Unnamed: 0,customer_type,payment,transaction_count,avg_sales
0,Member,Cash,69,347.51
1,Member,Credit card,67,337.55
2,Member,Ewallet,58,351.4
3,Normal,Cash,55,347.42
4,Normal,Ewallet,48,349.46
5,Normal,Credit card,31,248.77


In [43]:
/* Product performance in Giza */
SELECT 
	product_line, 
	ROUND(AVG(sales)) AS revenue, 
	ROUND(SUM(gross_income)) AS profit, 
	ROUND(AVG(unit_price), 2) AS avg_price, 
	SUM(quantity) AS volume, 
	ROUND(AVG(rating), 2) AS avg_rating
FROM supermarket
WHERE branch = 'Giza'
GROUP BY product_line
ORDER BY profit DESC;

Unnamed: 0,product_line,revenue,profit,avg_price,volume,avg_rating
0,Food and beverages,360.0,1132.0,57.27,369.0,7.08
1,Fashion accessories,332.0,1027.0,59.74,342.0,7.44
2,Electronic accessories,345.0,903.0,55.81,333.0,6.75
3,Health and beauty,320.0,791.0,55.97,277.0,7.0
4,Sports and travel,350.0,751.0,55.11,265.0,7.03
5,Home and lifestyle,309.0,662.0,54.33,245.0,7.06


# Conclusions
Overall, we can conclude that Giza was the top performing branch.
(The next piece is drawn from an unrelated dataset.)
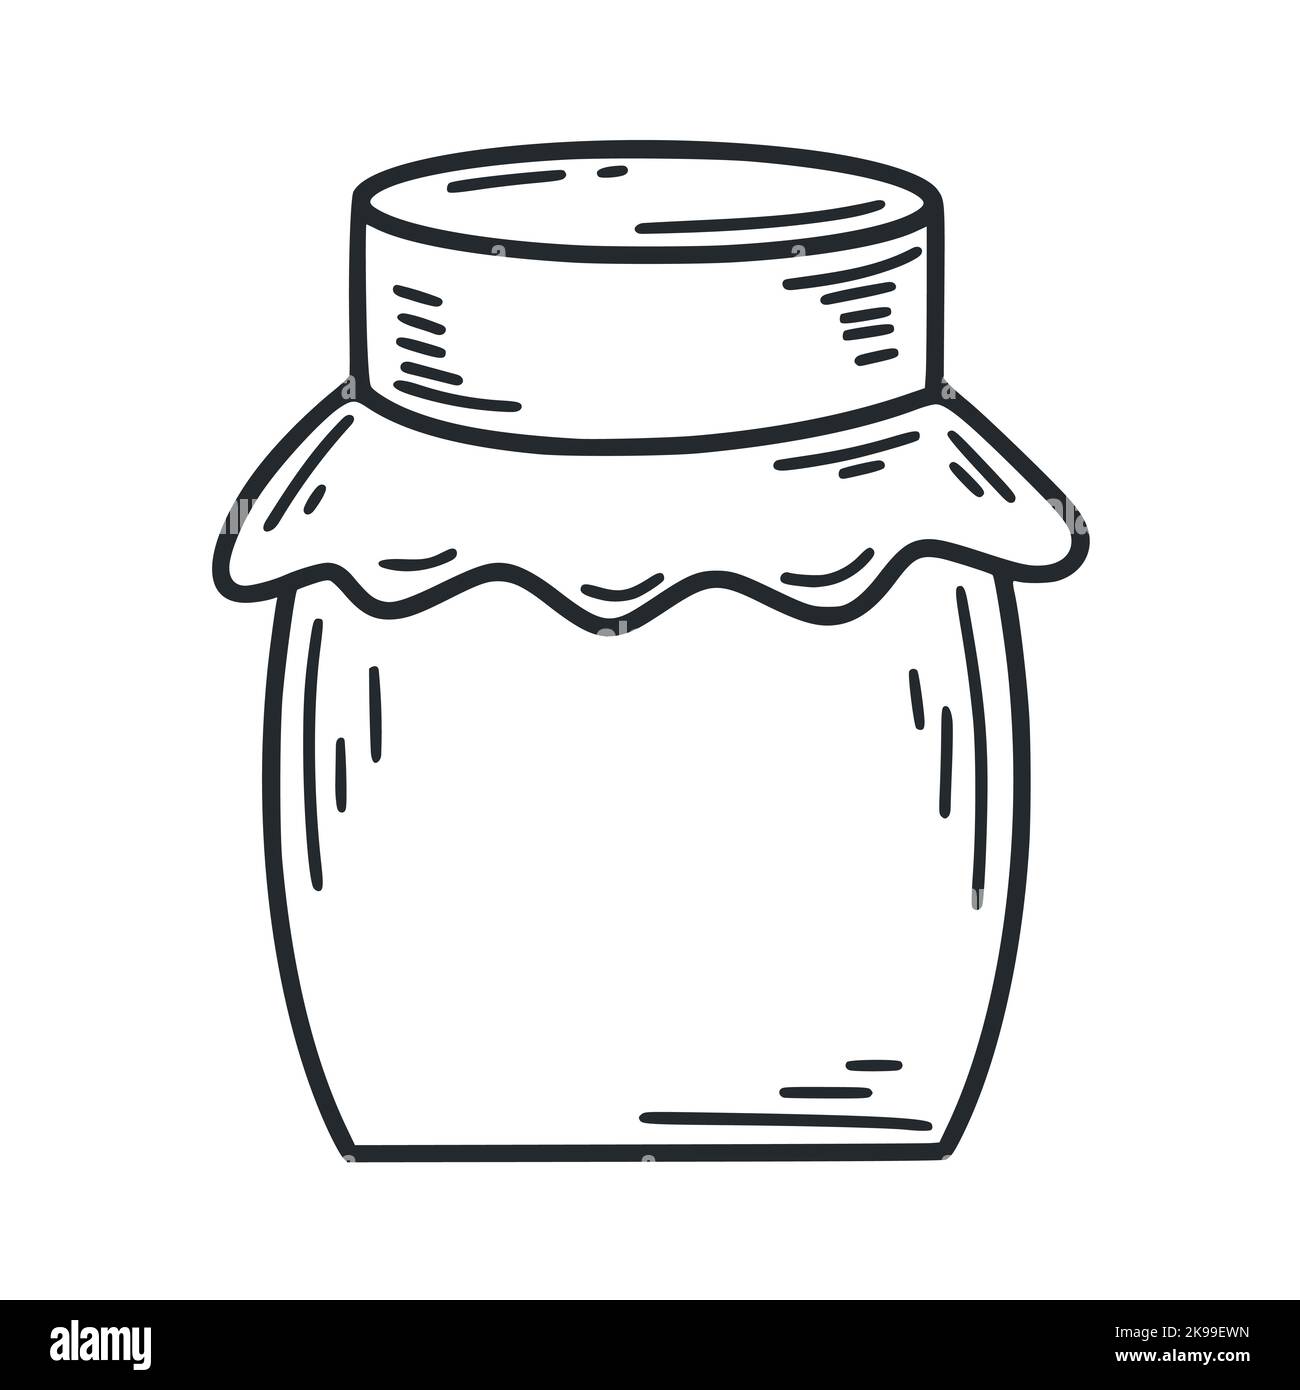 Cute jar of jam or honey doodle illustration Stock Vector

Members were the top clients with Home and Health being the products most sold. For products alone, Food and Beverages were the most sold and had the highest rating. In our time series analysis we found that January had the highest average sales with Sunday and 14 PM having the highest average sales. We also found that Ewallet and Cash where the most used payment methods.

The branch Giza performed the best of the three with monday and 11 AM being the moments with the highest sales. Also, members where the top buyers using cash with Food and Beverages being the most sold product.